Tak Bisa Disamakan Garis Kemiskinan Versi BPS dan World Bank, Kerap Disalahpahami

Ilustrasi garis kemiskinan BPS dan World Bank
Ilustrasi garis kemiskinan BPS dan World Bank
0 Komentar

“Pendekatan tersebut seperti mencicipi satu sendok masakan untuk mewakili satu panci penuh,” terangnya.

Dalam praktiknya, terdapat beberapa indikator utama yang digunakan untuk menggambarkan kondisi kemiskinan, antara lain jumlah penduduk miskin, persentase penduduk miskin terhadap total populasi, serta ukuran kedalaman kemiskinan yang menunjukkan seberapa jauh rata-rata pengeluaran penduduk miskin dari garis kemiskinan.
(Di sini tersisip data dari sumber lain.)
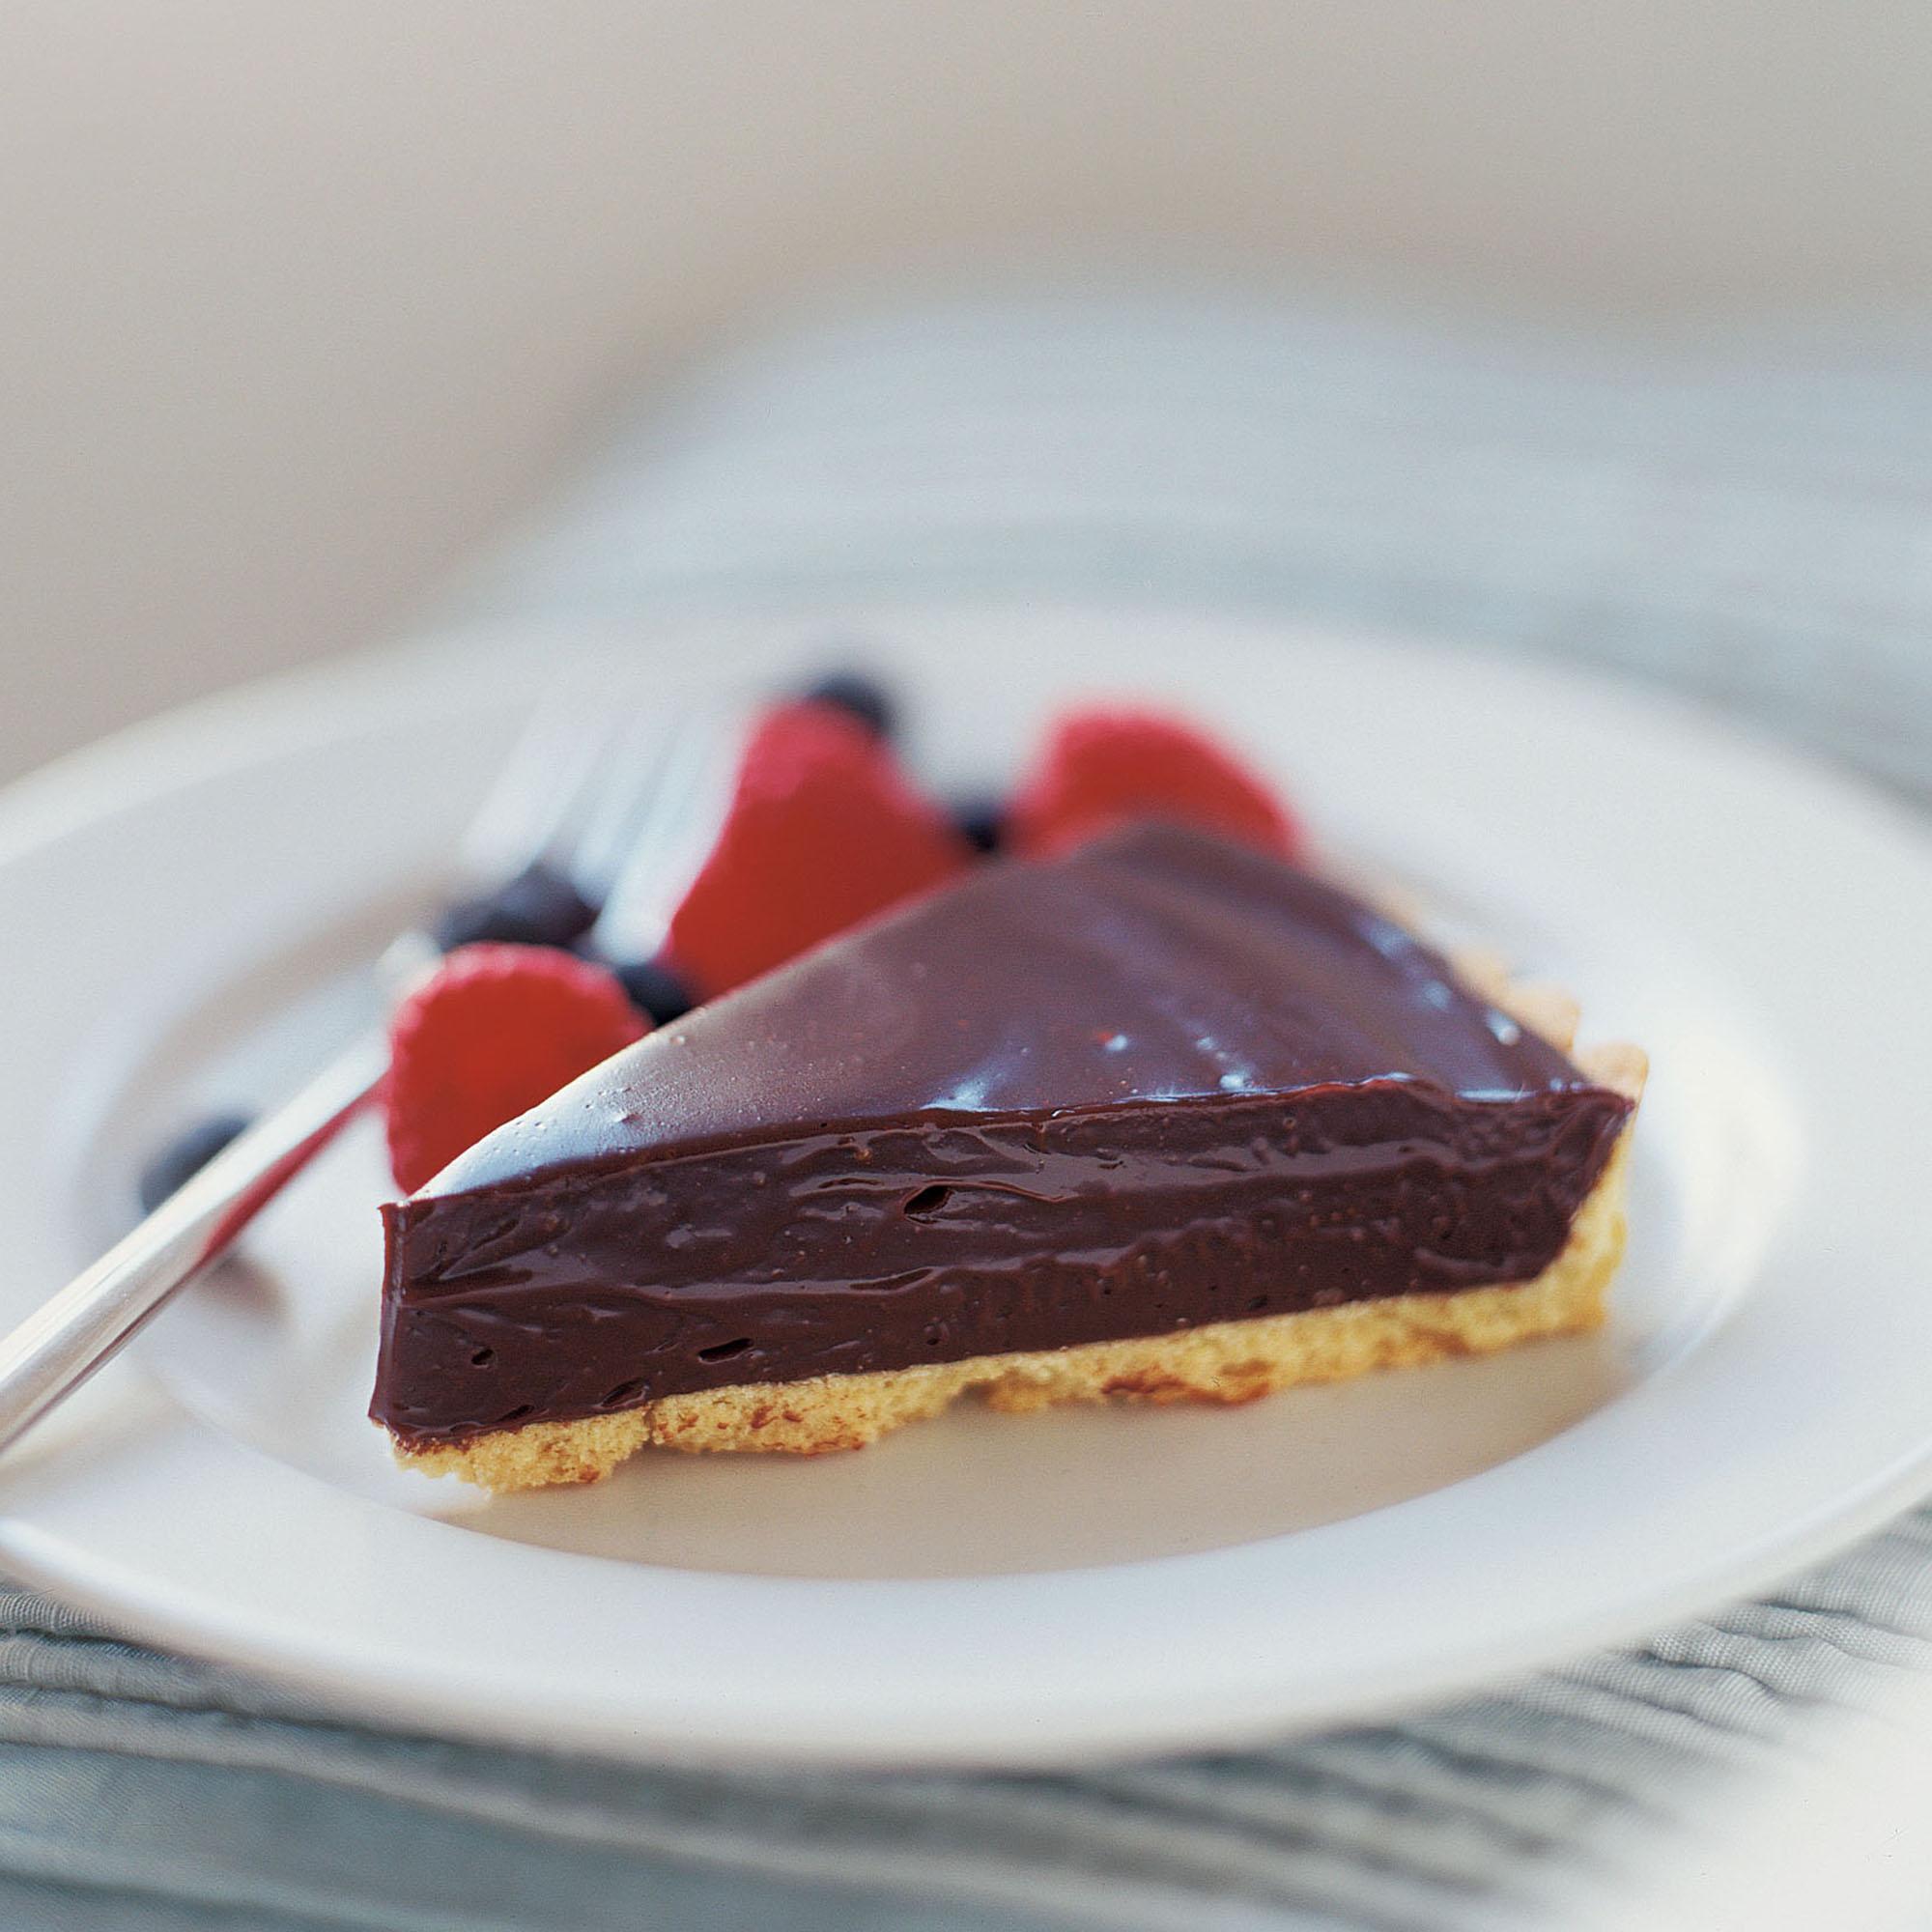 No Cook Chocolate Tart Dessert Recipes Woman Home

Jika pengeluaran seseorang berada di bawah garis kemiskinan, maka ia dikategorikan sebagai penduduk miskin. Sebaliknya, jika berada di atas garis tersebut, maka tidak termasuk miskin.
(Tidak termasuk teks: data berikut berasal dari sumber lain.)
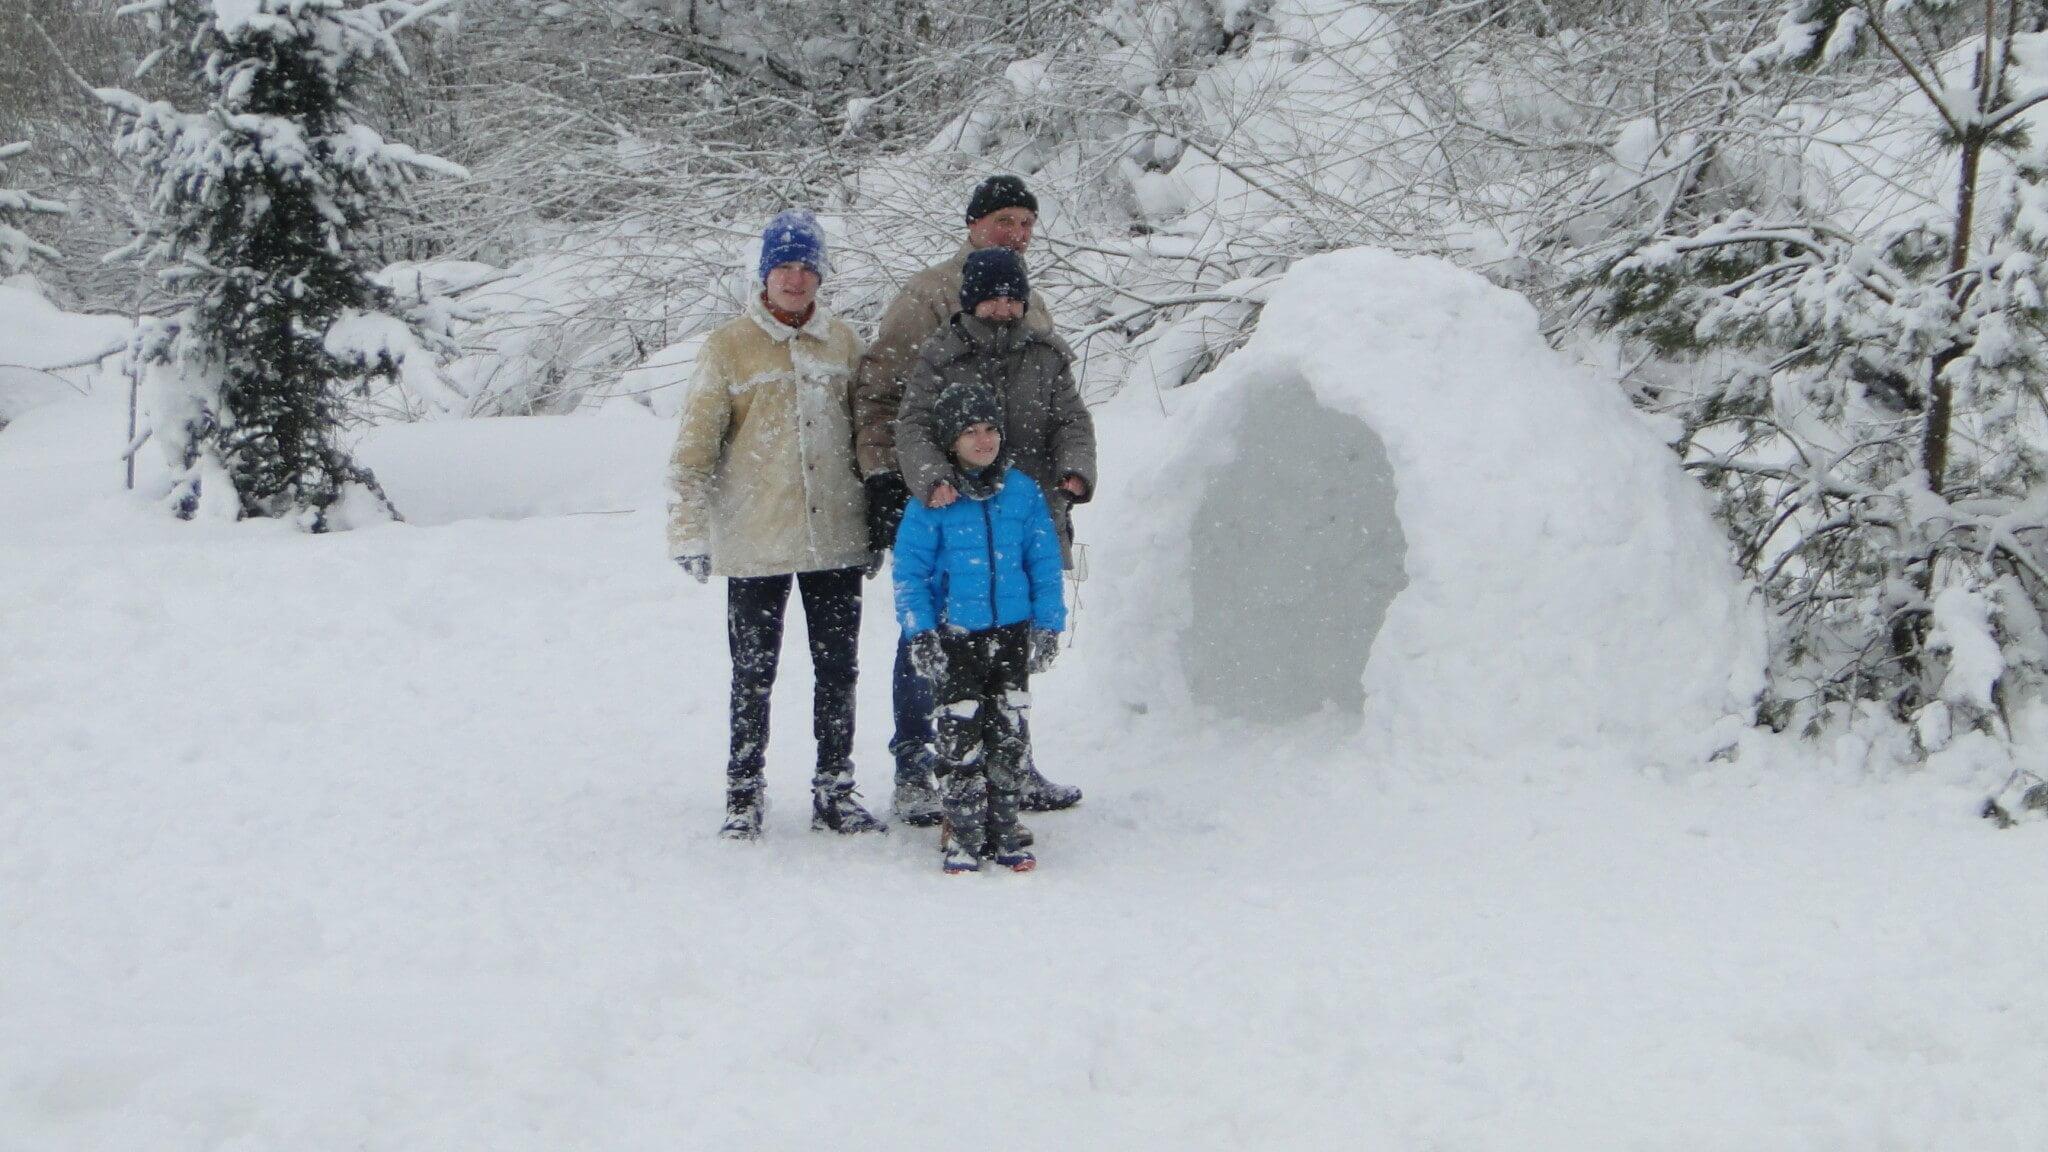 Lutowa zima - śnieżna i mroźna 16

Baca Juga:Saad al-Kaabi CEO QatarEnergy Ungkap Dirinya Ingatkan Amerika Serikat Bahaya Pasokan Energi Saat Konflik IranPerdana Menteri Thailand Instruksikan PNS Hemat Energi di Tengah Konflik Amerika Serikat-Israel dengan Iran

Per September 2024, garis kemiskinan tercatat sekitar Rp641.443 per kapita per bulan. Jika dikonversi ke rata-rata rumah tangga miskin dengan 4,76 anggota, maka kebutuhan minimum mencapai sekitar Rp3,05 juta per rumah tangga per bulan.
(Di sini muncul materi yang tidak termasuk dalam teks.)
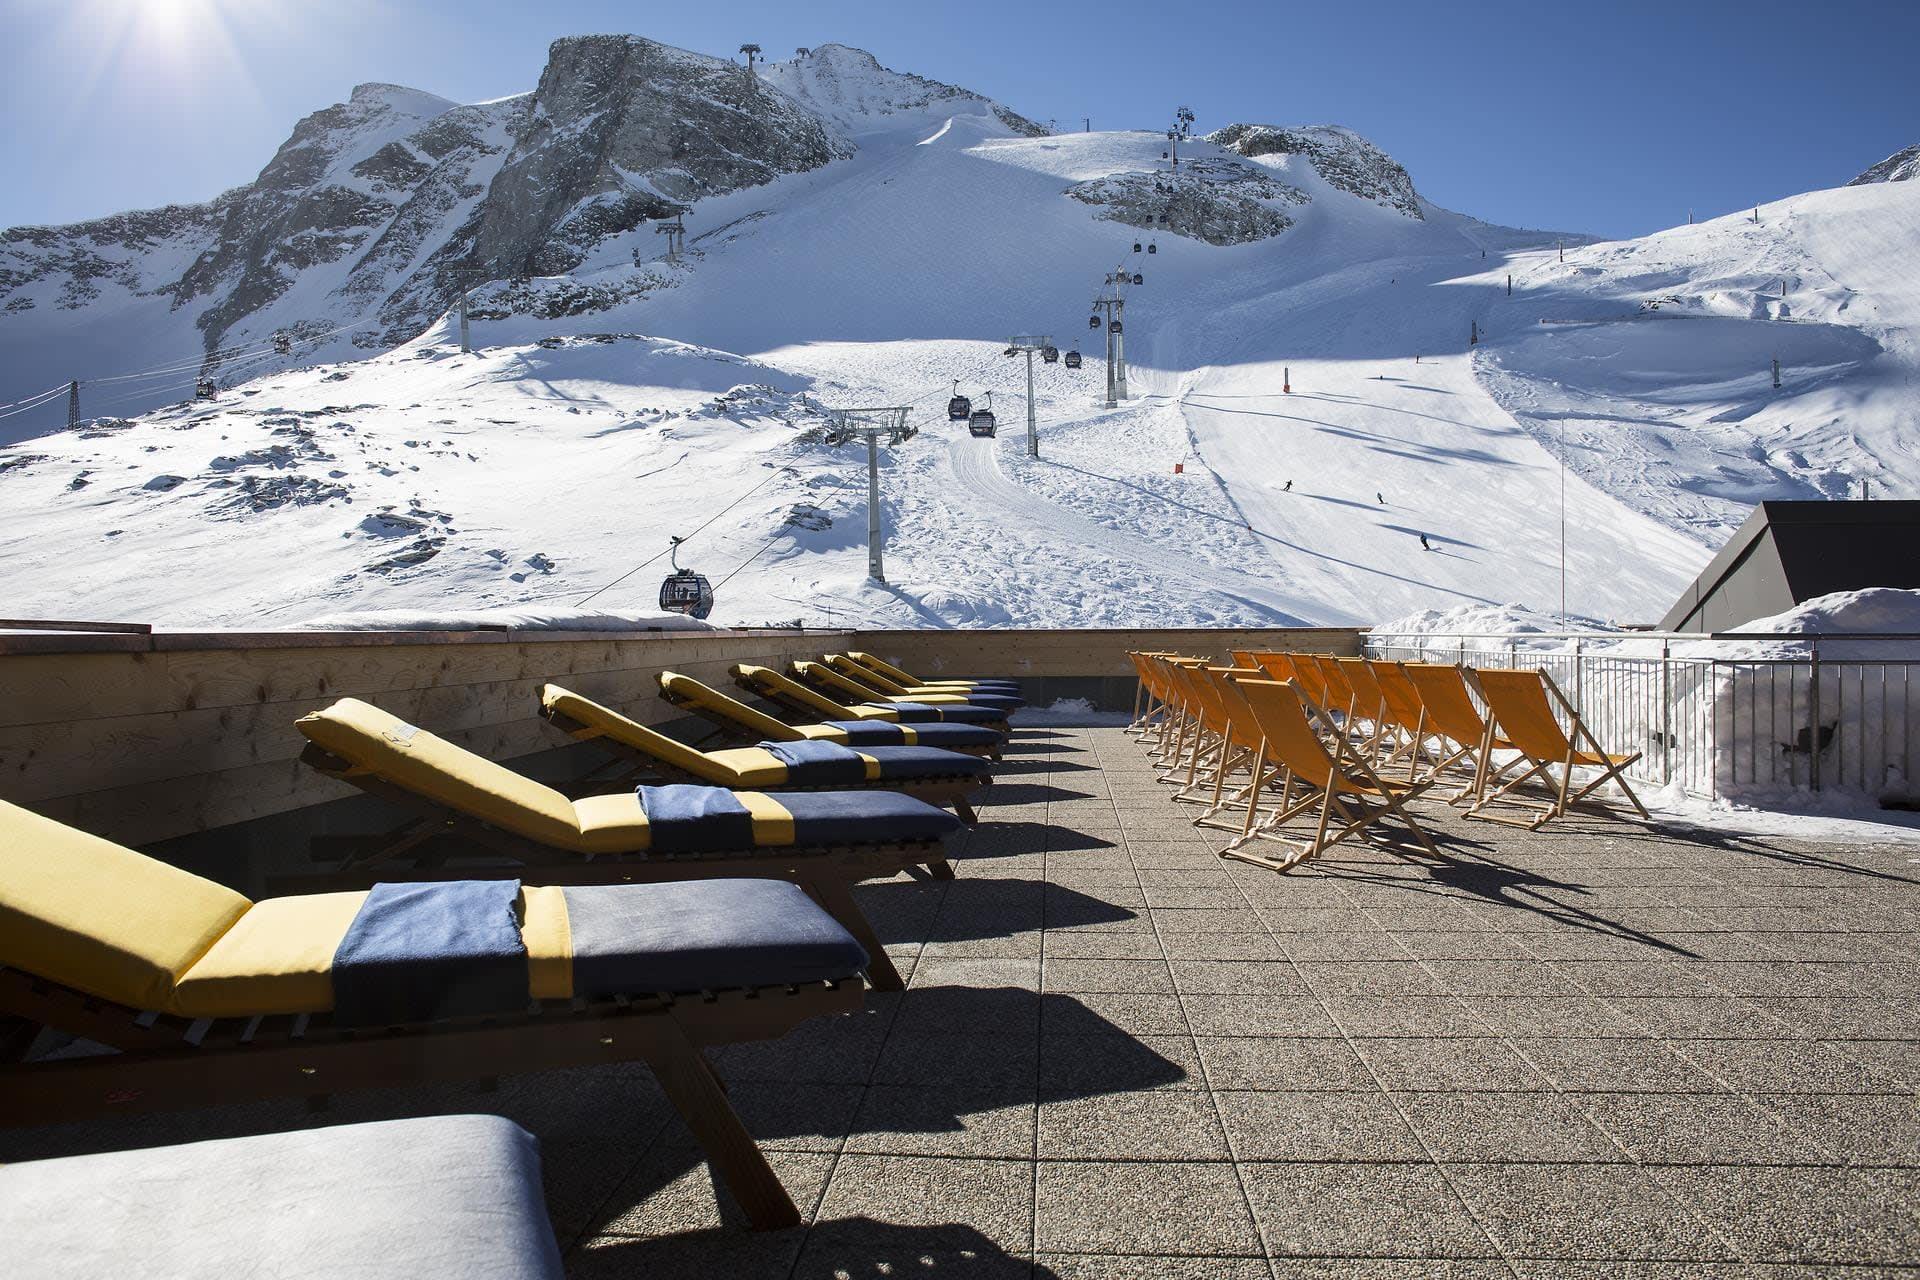 Sun terrace at the Fernerhaus on the Hintertux Glacier

Nurma juga menyoroti posisi Indonesia yang kini telah masuk kategori negara berpendapatan menengah atas (upper middle income country). Pada 2023, gross national income (GNI) per kapita Indonesia tercatat sebesar US$4.540, sedikit di atas ambang batas US$4.516. Meski demikian, ia menekankan posisi Indonesia masih berada di batas bawah kategori tersebut.

“Jadi benar Indonesia sudah masuk upper middle income country, tetapi sesungguhnya dia (Indonesia) masih di batas bawahnya,” kata Nurma.